New testing technology leads to higher reporting in sexual assault cases, study shows

Mar 23, 2016 12:48 PM by News Staff

Butte County's Sexual Assault Response Team, or SART, has released a new study that has some encouraging results.

SART just released the findings from three years of data related to sexual assaults reported by several resources including law enforcement, rape crisis, Chico State, Oroville hospital and Enloe Medical Center.

The big thing they're seeing is the impact of a new way of DNA testing.

Results from the latest sexual assault response team report show some positive trends.

A big factor is RADS, rapid analysis of DNA.

It’s a way for local hospitals to obtain results from a forensic rape kit within 20 days.

"This allows law enforcement and the district attorney to do their job quicker, more efficient, and for them to hold perpetrators of sexual assault accountable and hopefully arrest them off the street," said Anastacia Snyder, Executive Director of Catalyst.

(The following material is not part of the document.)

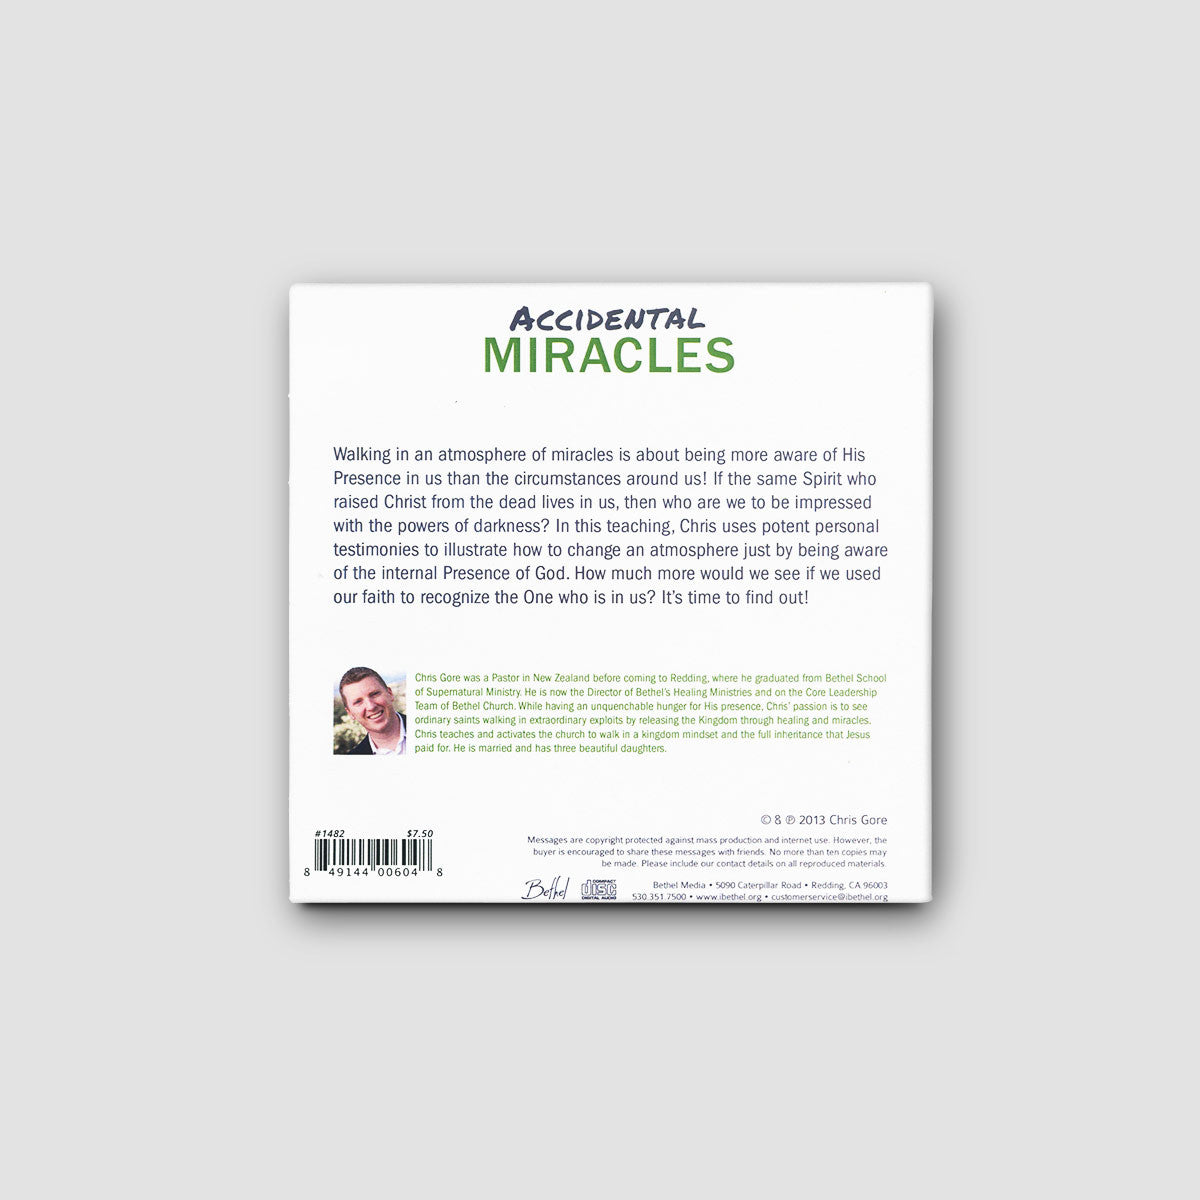 Accidental Miracles

According to a forensic nurse examiner at Enloe, Butte County is one of 8 areas in the state to implement RADS.

While this has reduced the rape-kit back log at the level of law enforcement ... there's still the issue of those who do not seek medical exams after an assault.

"When you look at rape crisis and catalyst numbers, those numbers are considerably higher than the people who are accessing services at the hospitals for the exams," Snyder said.

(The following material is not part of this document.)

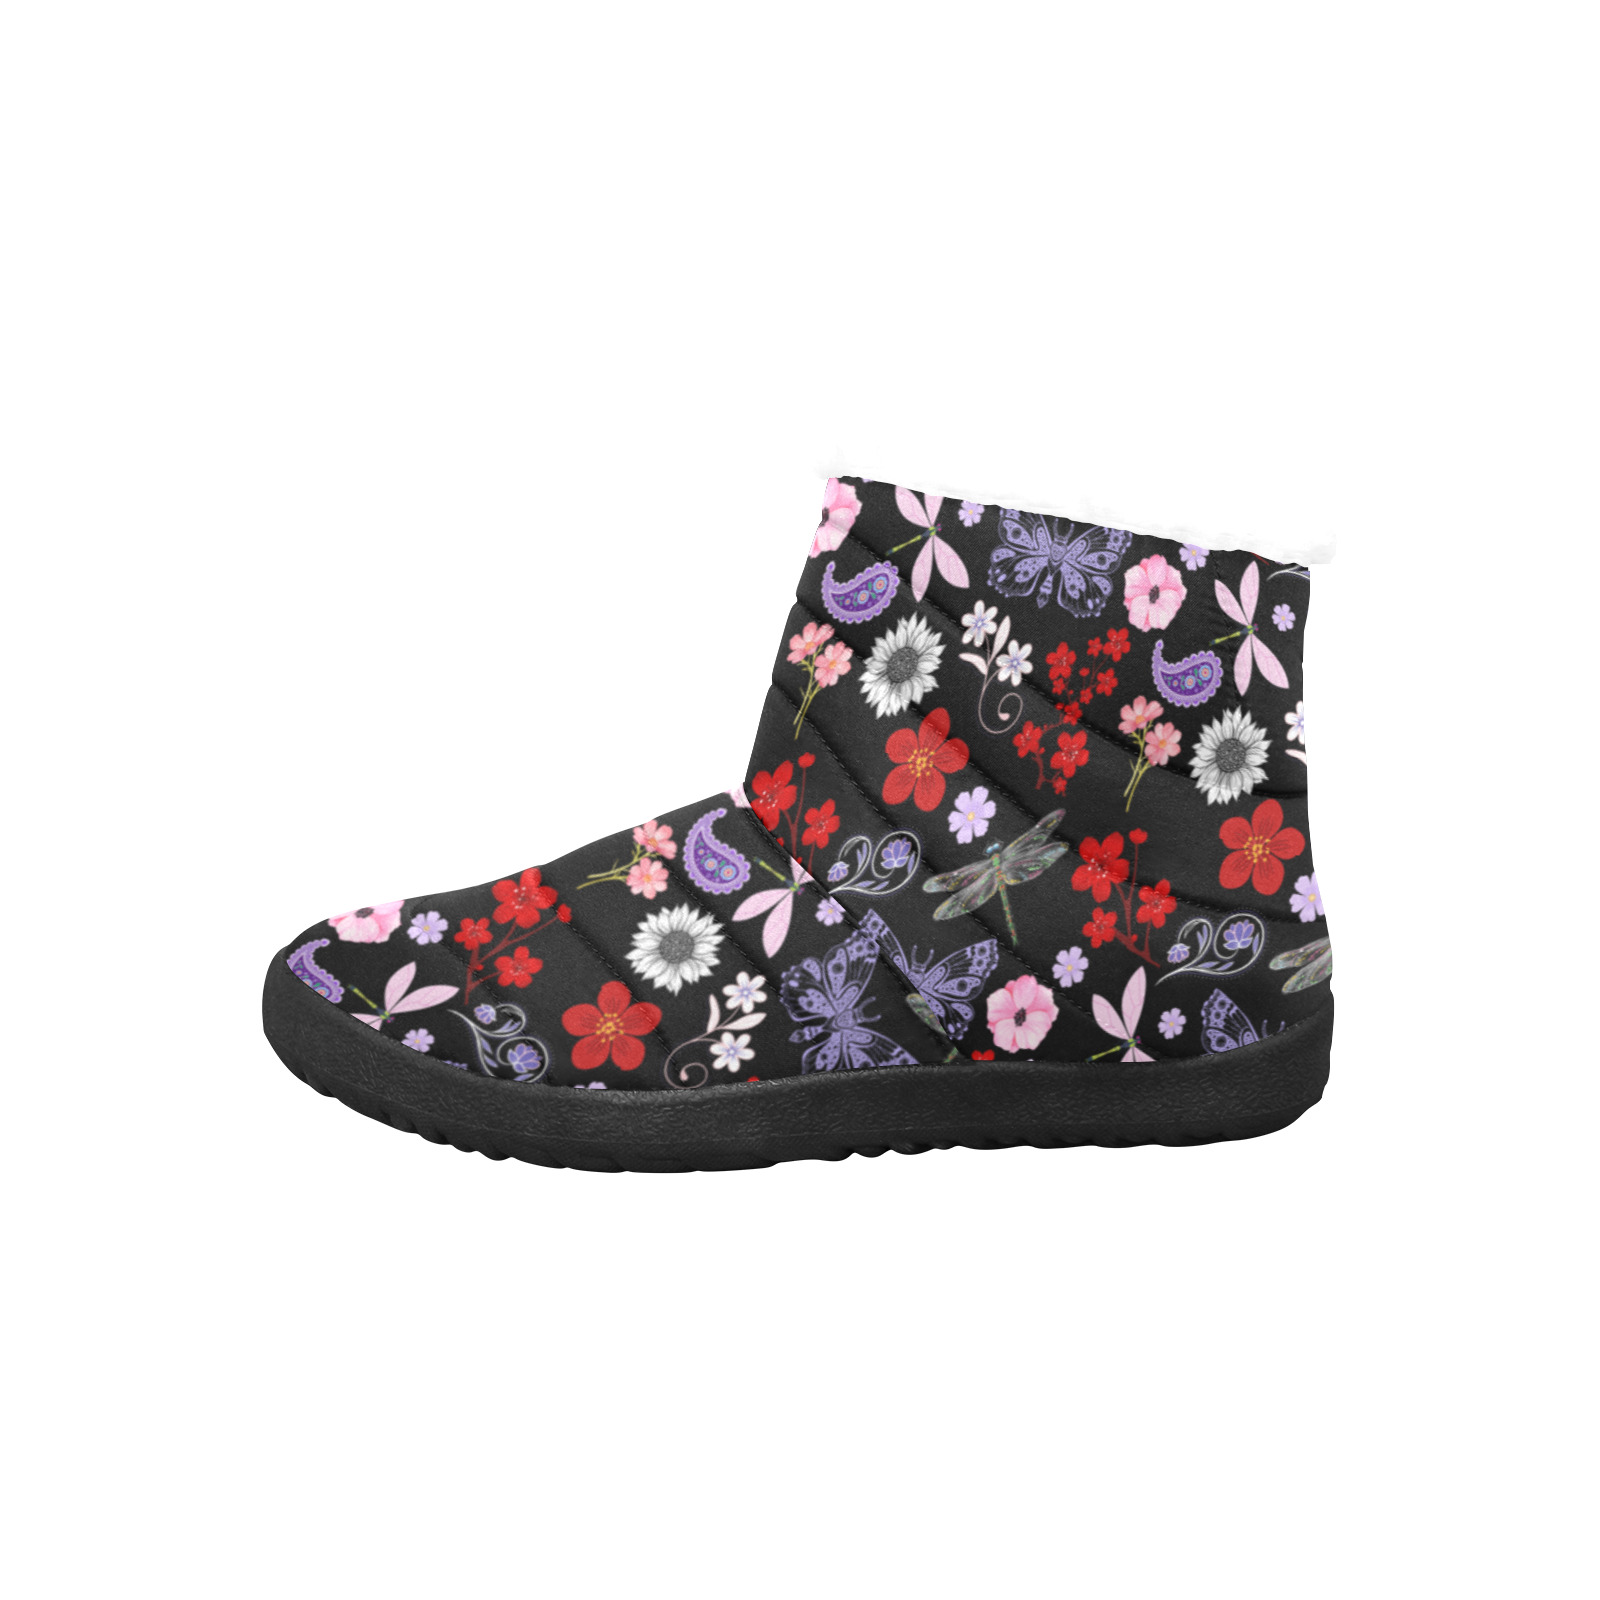 Black, Red, Pink, Purple, Dragonflies, Butterfly and Flowers Design Women's Cotton-Padded Shoes (Model 19291)

Rape crisis intervention and prevention as well as catalyst domestic violence services are members of butte county SART.

"We need to be providing outreach and education related to the exams, related to how they can get them, related to the support they can receive around them," Snyder said.

While RADS takes some of the heat off of police, sheriff’s deputies, campus and city police are in integral part of SART.

“They are absolutely engaged in this process and I can only imagine it is only helping their work and the work of the da in holding sexual assault perpetrators accountable," Snyder said.

The report found that there was a rise in sexual assaults in younger victims. Fifty percent of all those who reported were younger than 25.

Resources like Catalyst will use this information to ensure that education is provided at even the high school level.